Johnny pulled on a T-shirt and frayed jeans, then walked to the bedroom door and cracked it. Light spilled down the narrow hall, and the air felt used up. He smelled cigarettes and spilled liquor that was probably bourbon. For an instant, Johnny recalled the way mornings used to smell, eggs and coffee and the sharp tang of his father’s aftershave. It was a good memory, so he drove it down, crushed it. It only made things harder.
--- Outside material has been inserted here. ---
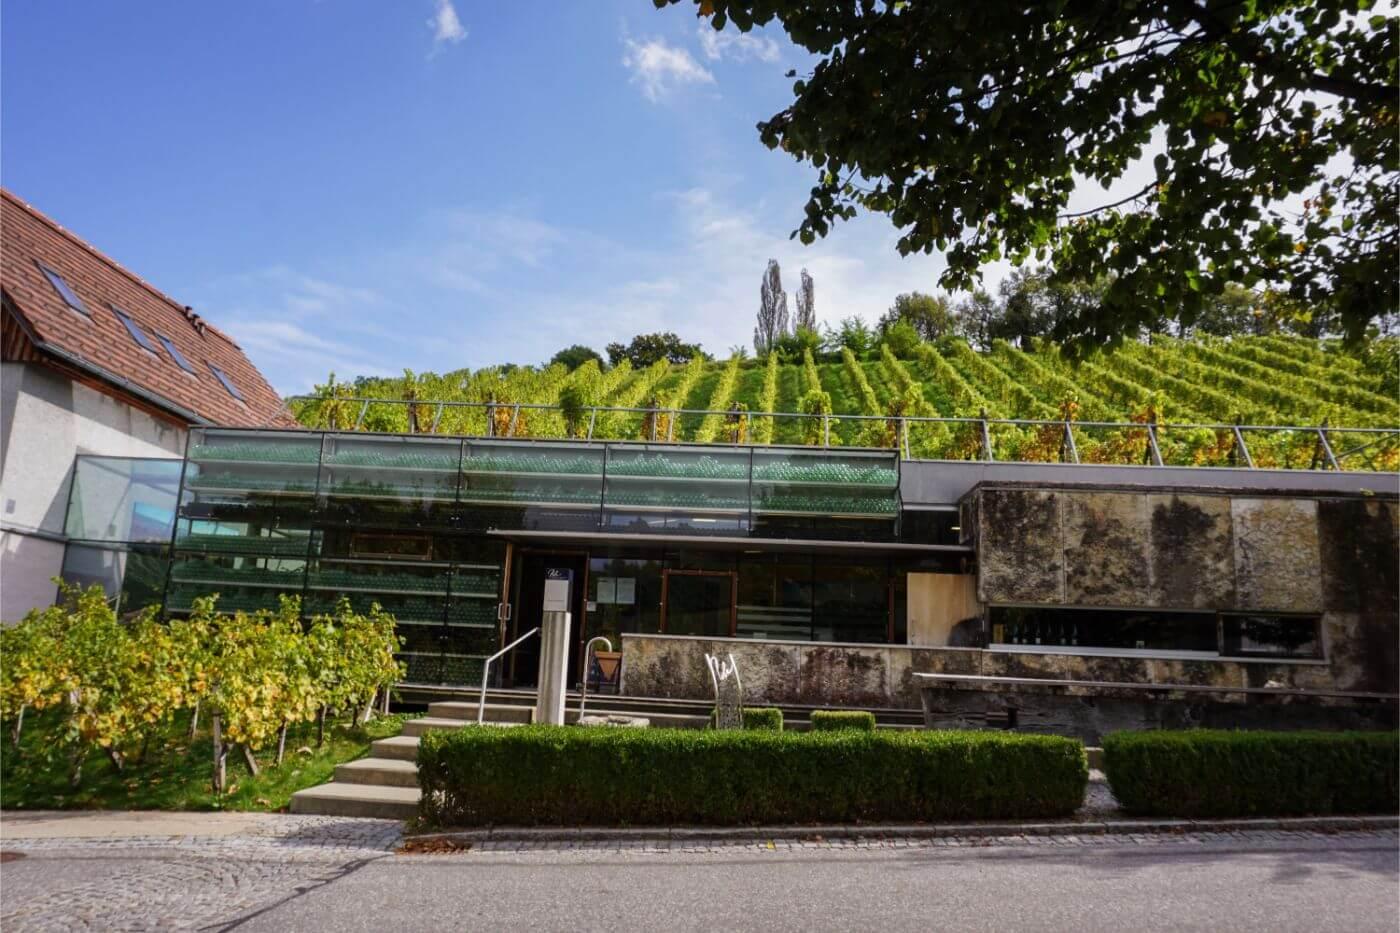 Weingut Erich & Walter Polz, Wineries in South Styria, Austria

In the hall, shag carpet rose stiff under his toes. The door to his mother’s room hung loose in its frame. It was hollow core and unpainted, a mismatch. The original door lay splintered in the backyard, kicked off its hinges a month back when Ken and Johnny’s mother got into it after hours. She never said what the argument was about, but Johnny guessed it had something to do with him. A year ago, Ken could never have gotten close to a woman like her, and Johnny never let him forget it; but that was a year ago. A lifetime.

They’d known Ken for years, or thought they had. Johnny’s dad was a contractor, and Ken built whole neighborhoods. They worked well together because Johnny’s dad was fast and competent, and because Ken was smart enough to respect him. Because of that, Ken had always been pleasant and mindful, even after the kidnapping, right up until Johnny’s dad decided that grief and guilt were too much to bear. But after his dad left, the respect disappeared, and Ken started coming around a lot. Now he ran things. He kept Johnny’s mother dependent and alone, kept her medicated or drunk. He told her what to do and she did it. Cook a steak. Go to the bedroom. Lock the door.

Johnny took it in with those black eyes, and often found himself in the kitchen, at night, three fingers on the big knife in its wooden block, picturing the soft place above Ken’s chest, thinking about it.

The man was a predator, pure and simple; and Johnny’s mother had faded down to nothing. She weighed less than a hundred pounds and was as drawn as a shut-in, but Johnny saw the way men looked at her, the way Ken got possessive when she made it out of the house. Her skin, though pale, was flawless, her eyes large and deep and wounded. She was thirty-three, and looked like an angel would look if there was such a thing, dark-haired and fragile and unearthly. Men stopped what they were doing when she walked into a room. They stared as if a glow came off her skin, as if she might rise from the ground at any moment.